Each of the 44 shirts represents a Bucks County resident killed by a gun murder in the past decade. It does not include those who used a gun to die by suicide.

The powerful display, a “Memorial to the Lost,” is part of Heeding God’s Call to End Gun Violence’s effort “to make people aware of the toll of gun violence,” said Bryan Miller, executive director of Heeding, a grassroots, interfaith-based nonprofit.

“Each name represents a whole human being, a child of God. Each death deserves to be noted and mourned,” reads a flyer from Salem United Church of Christ, which is hosting the memorial on its property.

The memorial will later move to St. Paul Episcopal Church on East Oakland Street, prior to a “Witness Walk” on Nov. 19 in Doylestown to mark Gun Violence Awareness Day.

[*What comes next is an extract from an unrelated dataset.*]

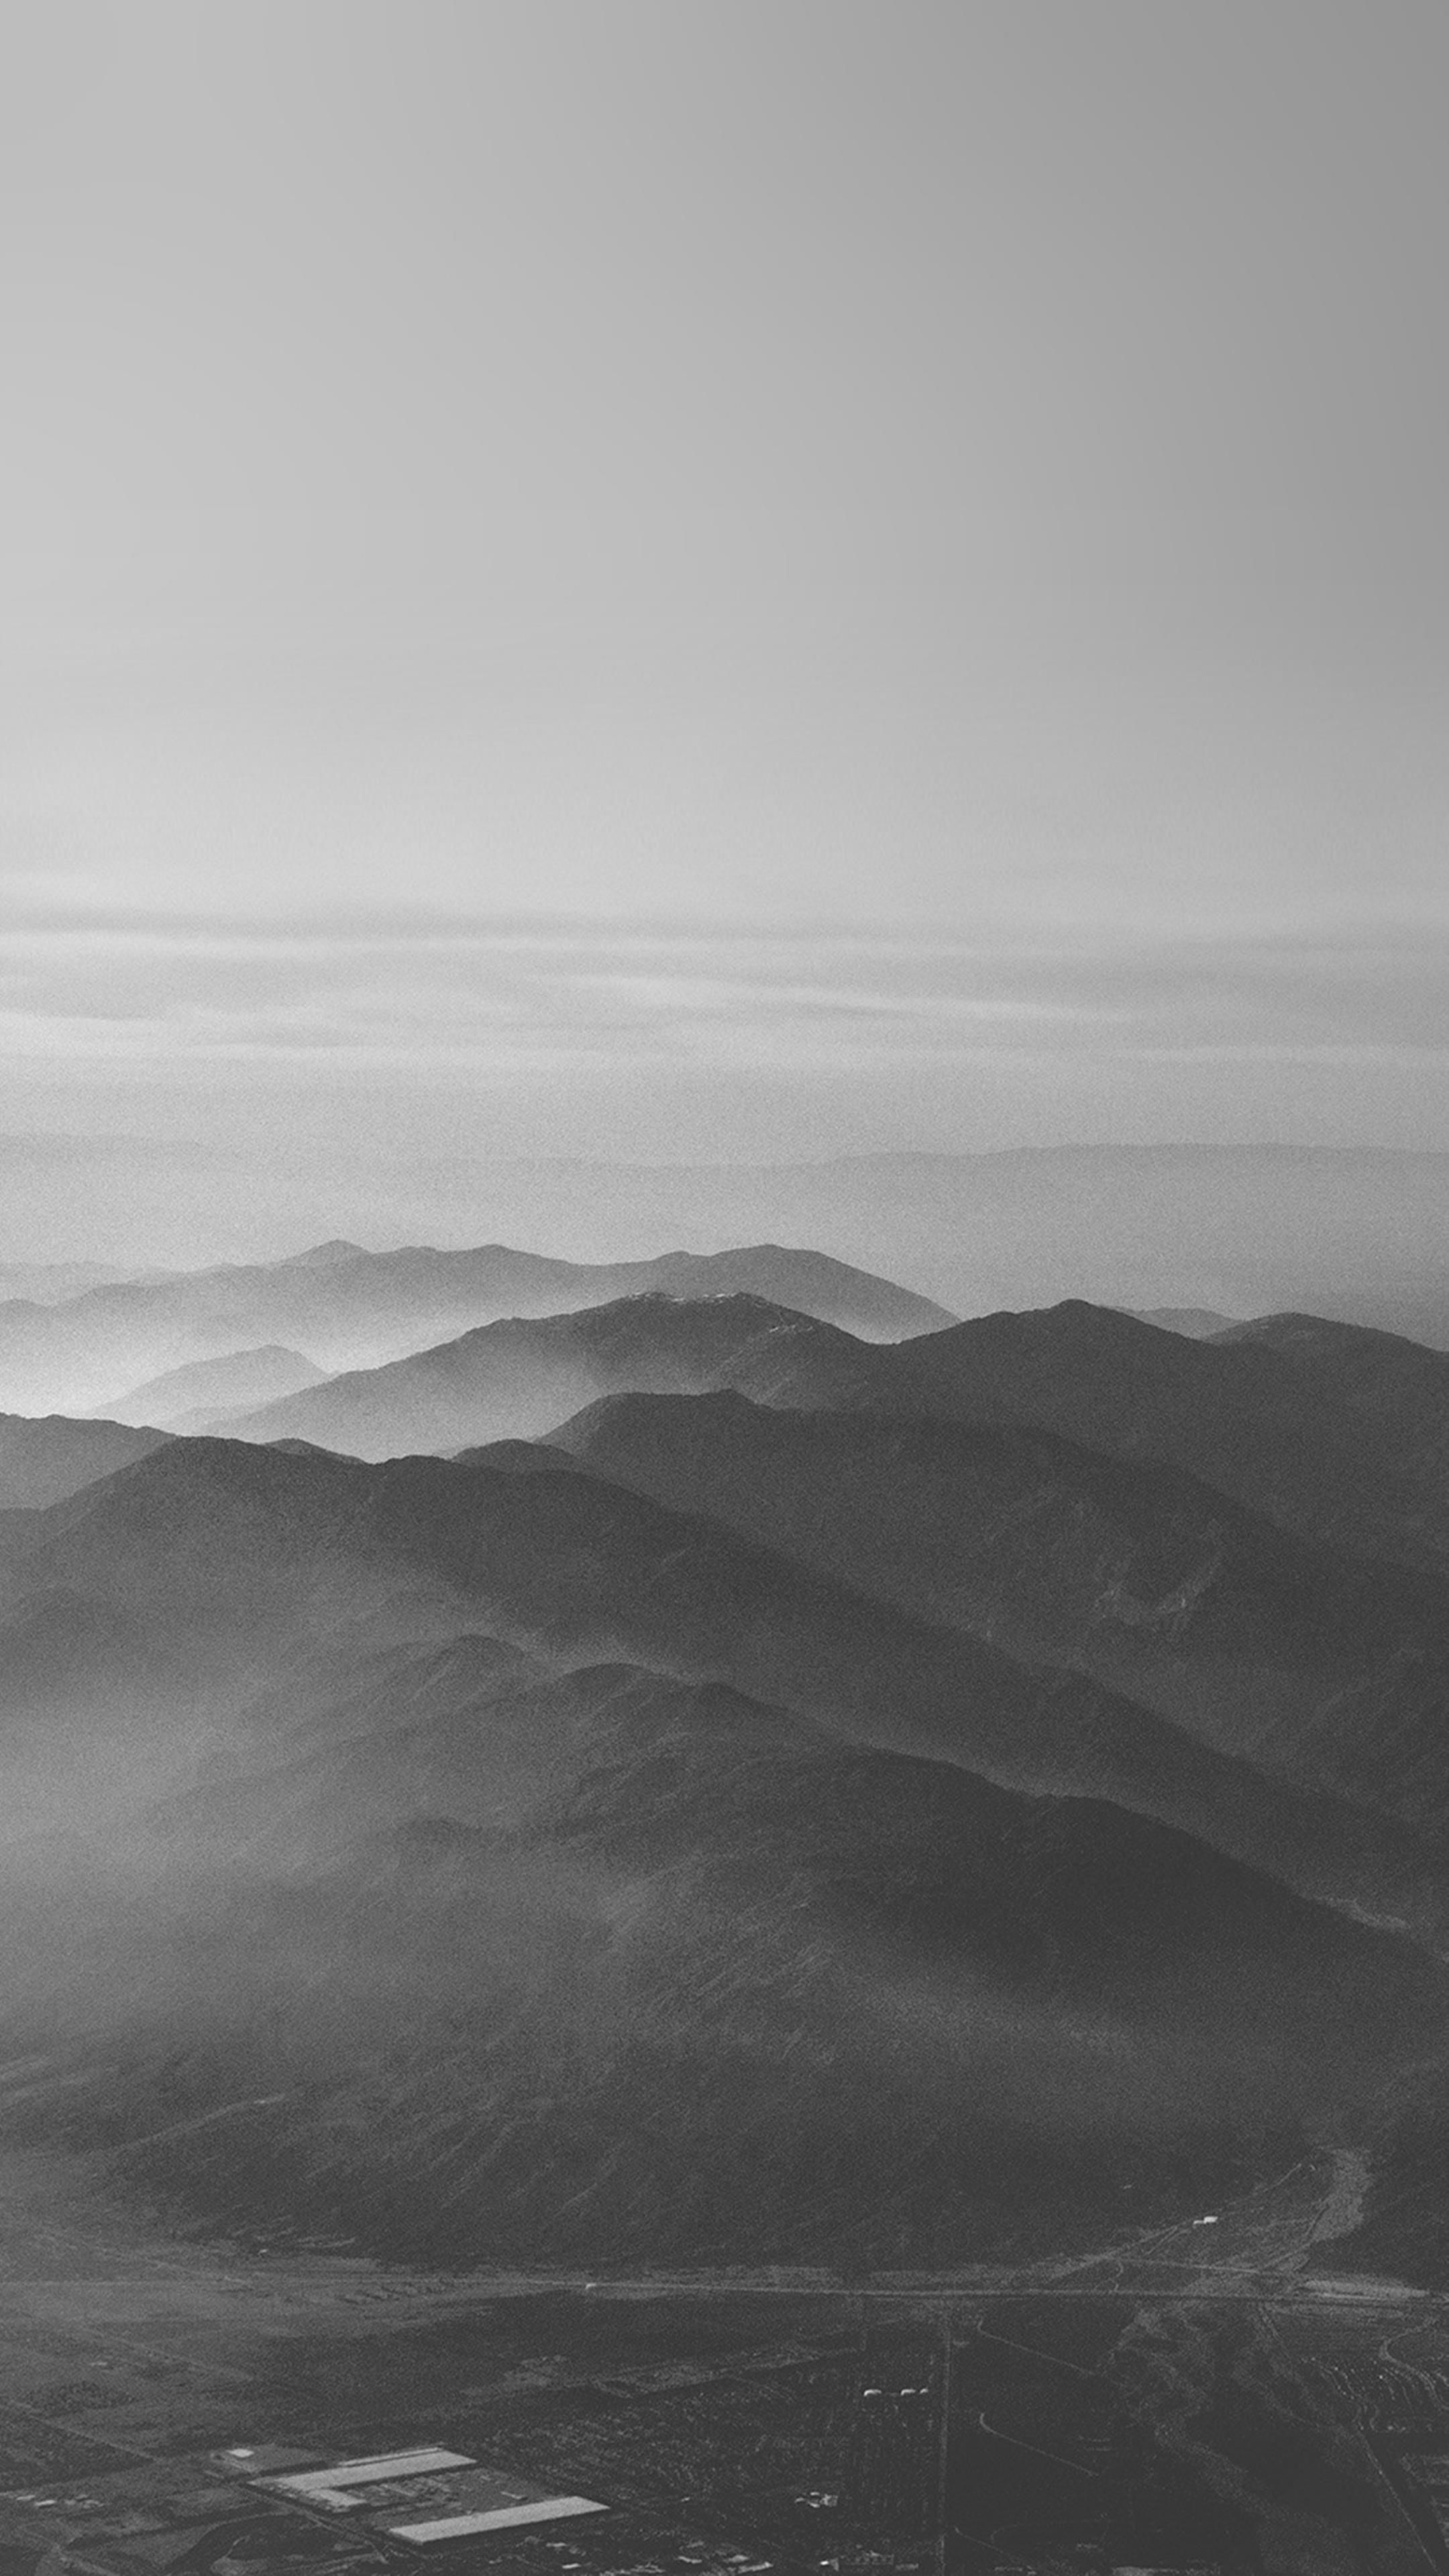 A black and white image of a mountain range - Nature, fog

“This is not an anti-gun movement, it doesn’t question the Second Amendment,” stressed Beth Mann, chair of Salem UCC’s social action network. “We are focusing on combating the...illegal flow of guns, in particular straw purchasing.”

Straw purchasing is where someone buys one or more guns for illegal resale to people who can’t pass background checks.

The Heeding organization advocates for “One Handgun a Month,” legislation, said Mann, who added that it’d “keep straw purchasers from buying many guns at a time, which would dramatically cut the availability of handguns on streets and neighborhoods.”

Those supporting efforts to reduce gun violence are asked to “pray for the lives lost…and the families mourning every one of those lost lives.”